GPT-Realtime-2 — Signal Lens

Overview

Freshness note: Model capabilities, limits, and pricing can change quickly. This profile is a point-in-time snapshot last verified on June 8, 2026.

GPT-Realtime-2 is OpenAI’s May 2026 flagship realtime voice model. OpenAI positions it as the first GPT-5-class voice model in the Realtime API: a speech-to-speech model that can reason through harder requests, keep a live conversation moving, use tools, and recover more gracefully when a task changes midstream.

This page should be read as the forward-looking replacement for older GPT Realtime routes when the product needs higher voice-agent intelligence rather than just low latency.

Capabilities

GPT-Realtime-2 is built for live voice agents that need to listen, reason, act, and speak while the conversation is still unfolding. OpenAI highlights stronger instruction following, better tool-calling reliability, audible tool transparency through short preambles, and better handling of specialized terminology in domains such as healthcare and customer support.

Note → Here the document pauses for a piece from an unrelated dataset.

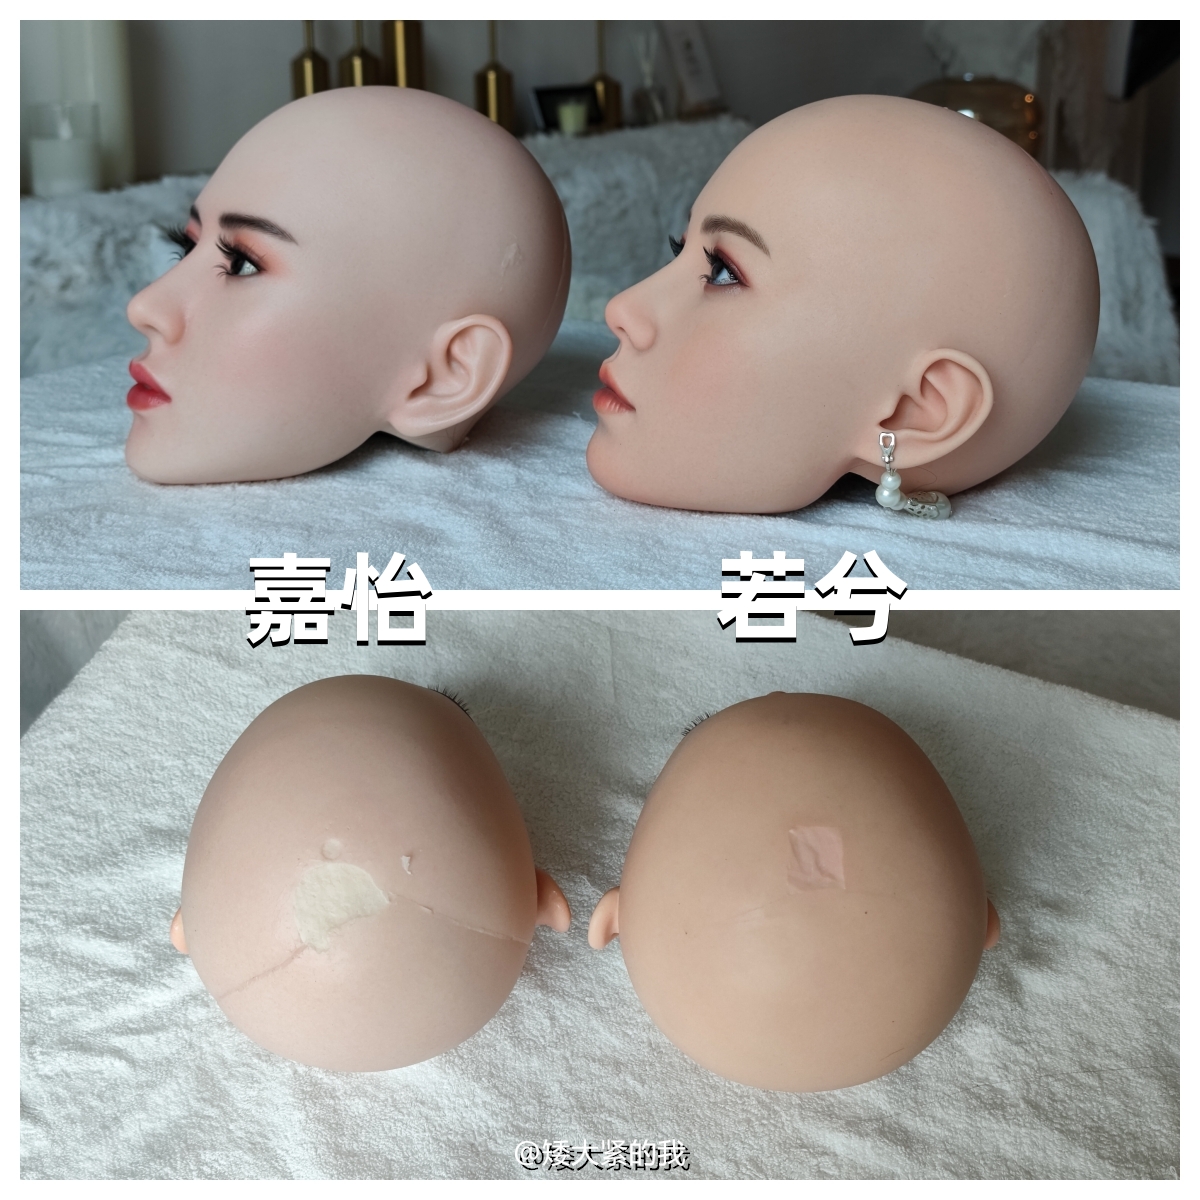 Gynoid Doll RZR|Realistic Silicone Sex Doll|Light Shooting|Head Sculpture|Head Carving|3D Eyeball|Lisa|Lori|13R|Doll Skin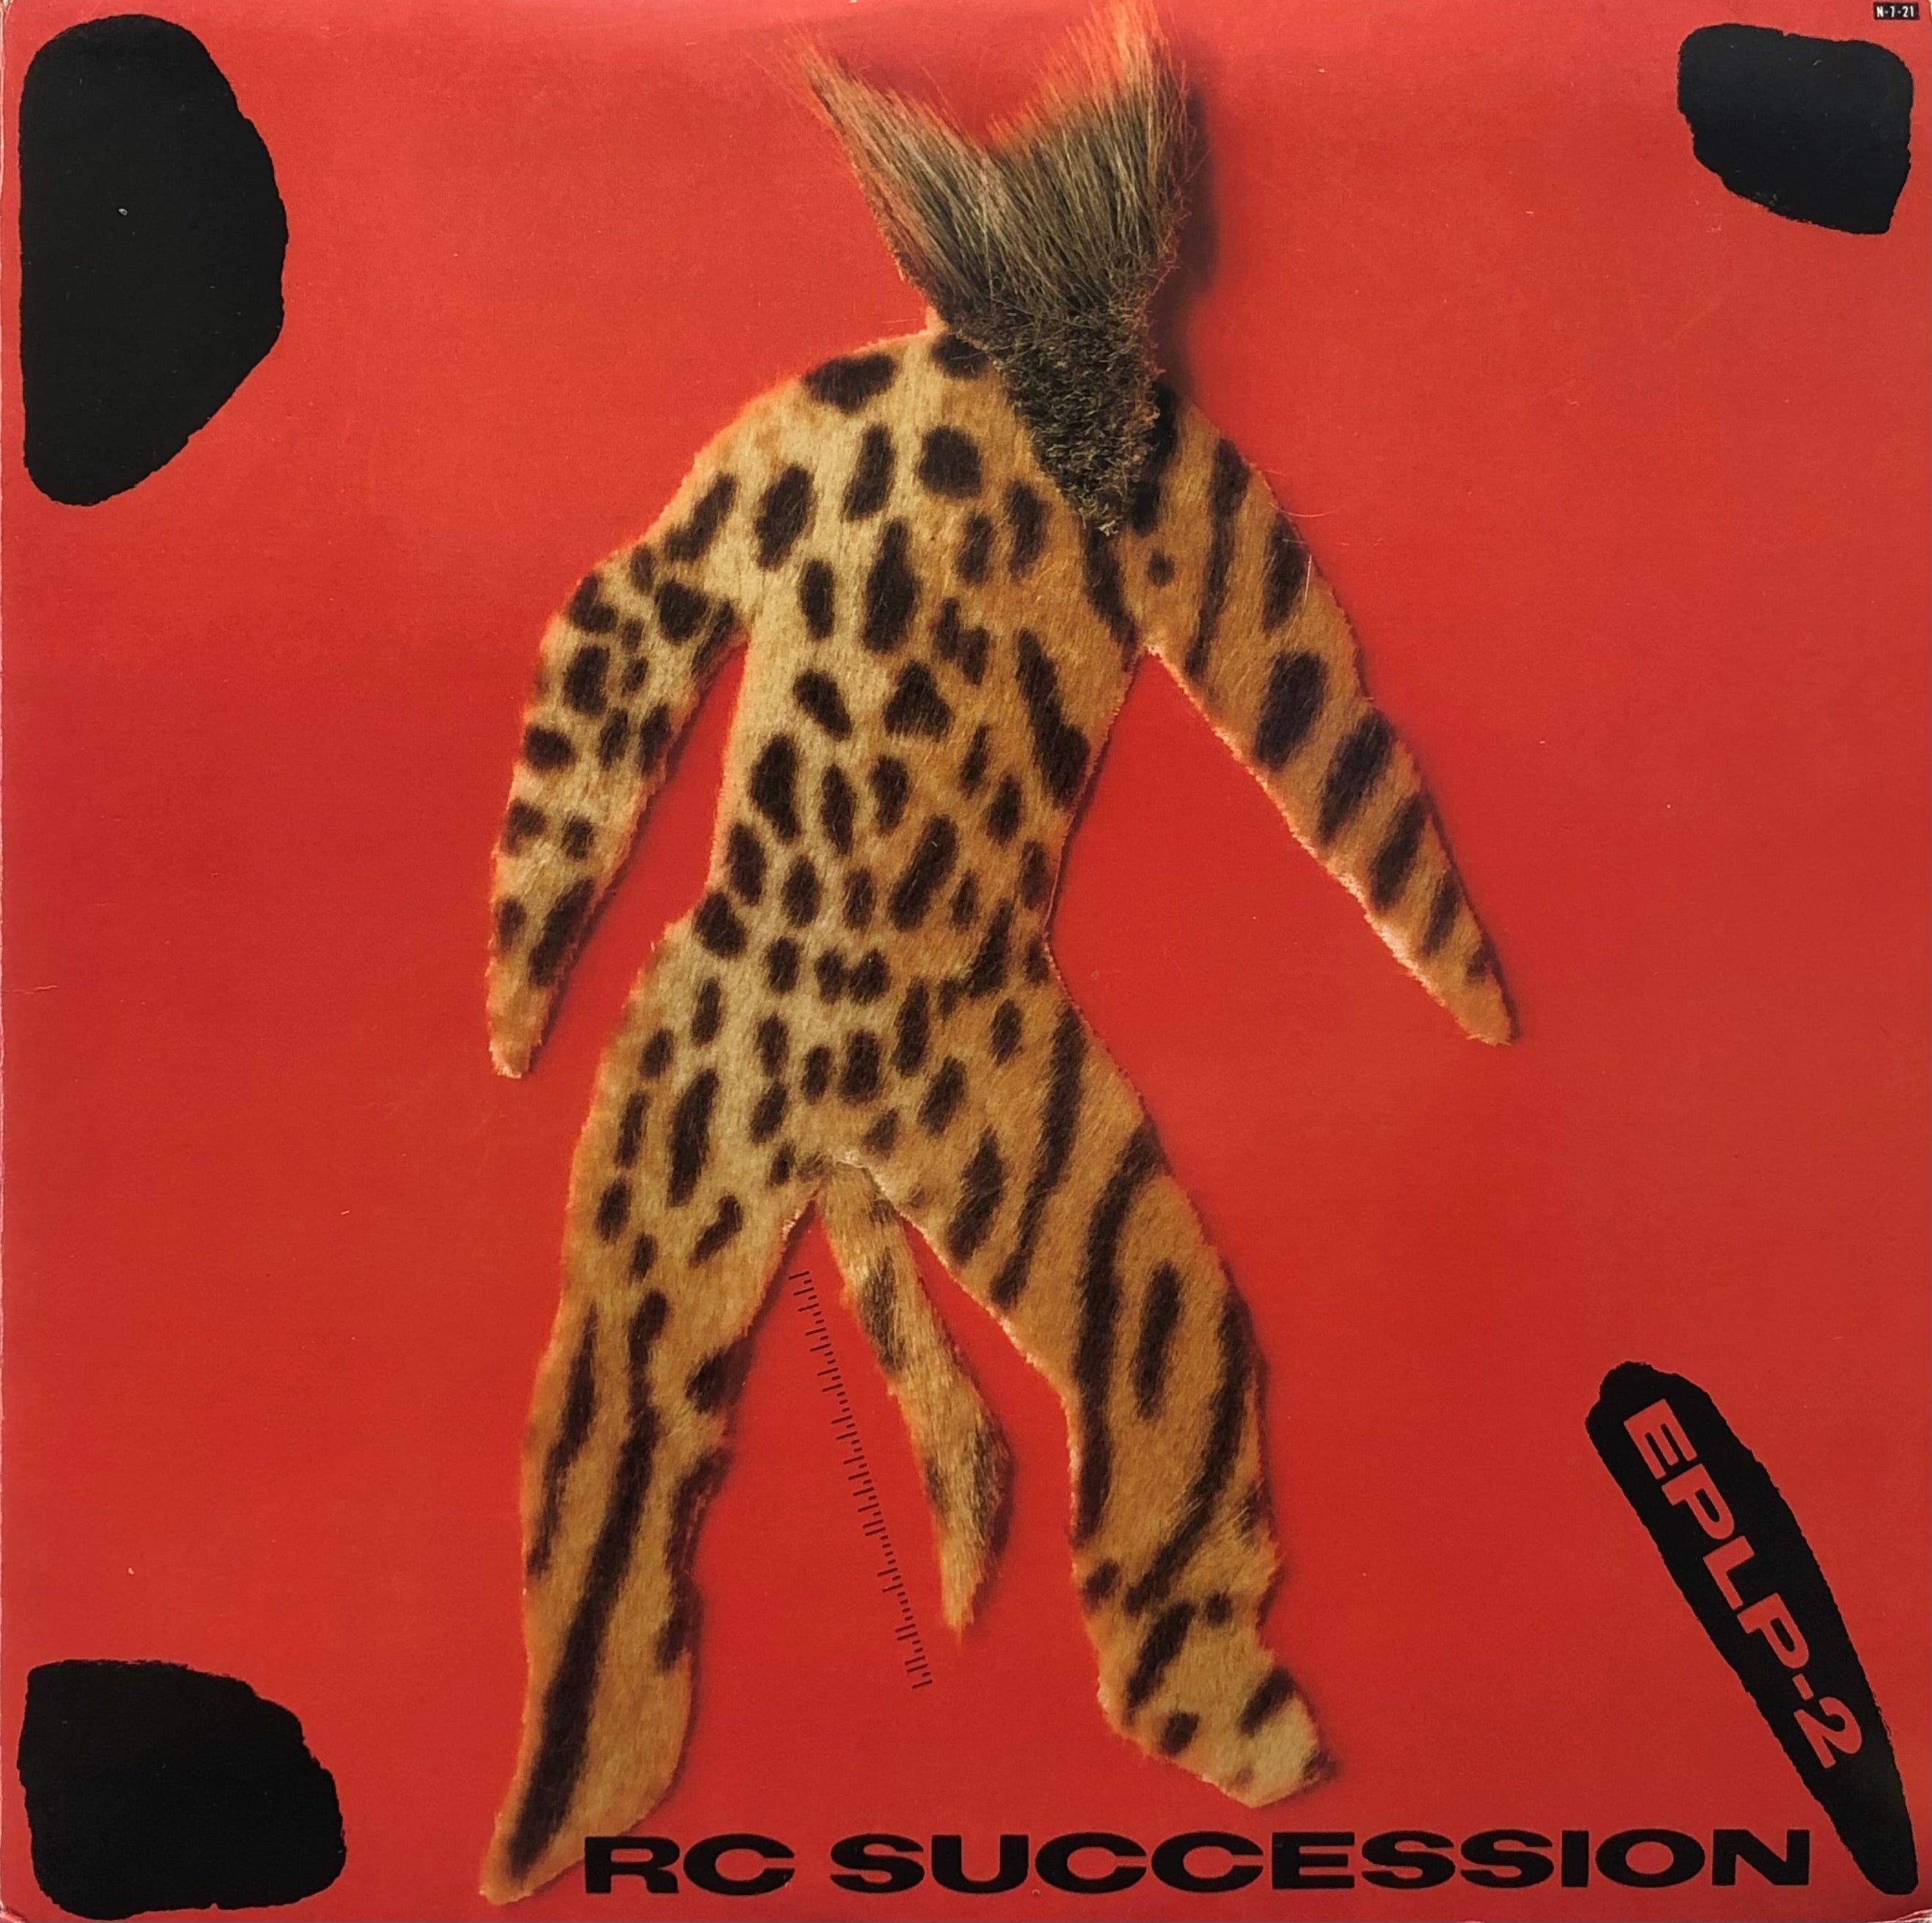 RC サクセション (RC SUCCESSION) / EPLP-2 (Speed Shock, S28S0002, LP)

The model also raises the practical ceiling for long-running voice sessions. OpenAI increased the realtime context window from the earlier 32K tier to 128K tokens, which makes it more realistic to build agents that preserve customer context, tool results, and conversation state across longer interactions.

Technical Details

Current published limits:

Context window: 128,000 tokens
Max output: 32,000 tokens
Configurable reasoning effort: minimal, low, medium, high, and xhigh
Function calling: supported
Structured outputs: not supported

GPT-Realtime-2 supports text, audio, and image input, with text and audio output through realtime interaction paths. It is suitable for tool-using voice agents, but teams that require strict JSON contracts still need validation and fallback layers because structured outputs are not supported on this route.

Pricing & Access

Published OpenAI API pricing:

Text input: $4.00 per 1M tokens
Cached text input: $0.40 per 1M tokens
Text output: $24.00 per 1M tokens
Audio input: $32.00 per 1M tokens
Cached audio input: $0.40 per 1M tokens
Audio output: $64.00 per 1M tokens
Image input: $5.00 per 1M tokens
Cached image input: $0.50 per 1M tokens

Access is through OpenAI’s Realtime API and related realtime-oriented endpoints. Budget with actual session traffic, not just text-token estimates: production voice products are usually dominated by audio tokens and live-session duration.

Best Use Cases

Use GPT-Realtime-2 for customer-support agents, phone and browser voice assistants, travel or commerce copilots, healthcare intake helpers with human oversight, field-service assistants, and multilingual support flows where interruptions and tool calls happen during conversation.

Avoid using it as a default for offline transcription, batch audio analysis, or text-only agents. Those workloads are usually cheaper and simpler on transcription, translation, or non-realtime text models.

Comparisons

GPT-realtime-1.5 (OpenAI): Older available realtime route; GPT-Realtime-2 is the stronger reasoning and tool-use upgrade.
GPT-Realtime-Translate (OpenAI): Dedicated live translation model priced by minute rather than a general voice-agent model.
Gemini 3.1 Flash Live Preview (Google): Comparable realtime voice-agent category, with provider choice usually driven by ecosystem fit, latency behavior, and tool integration.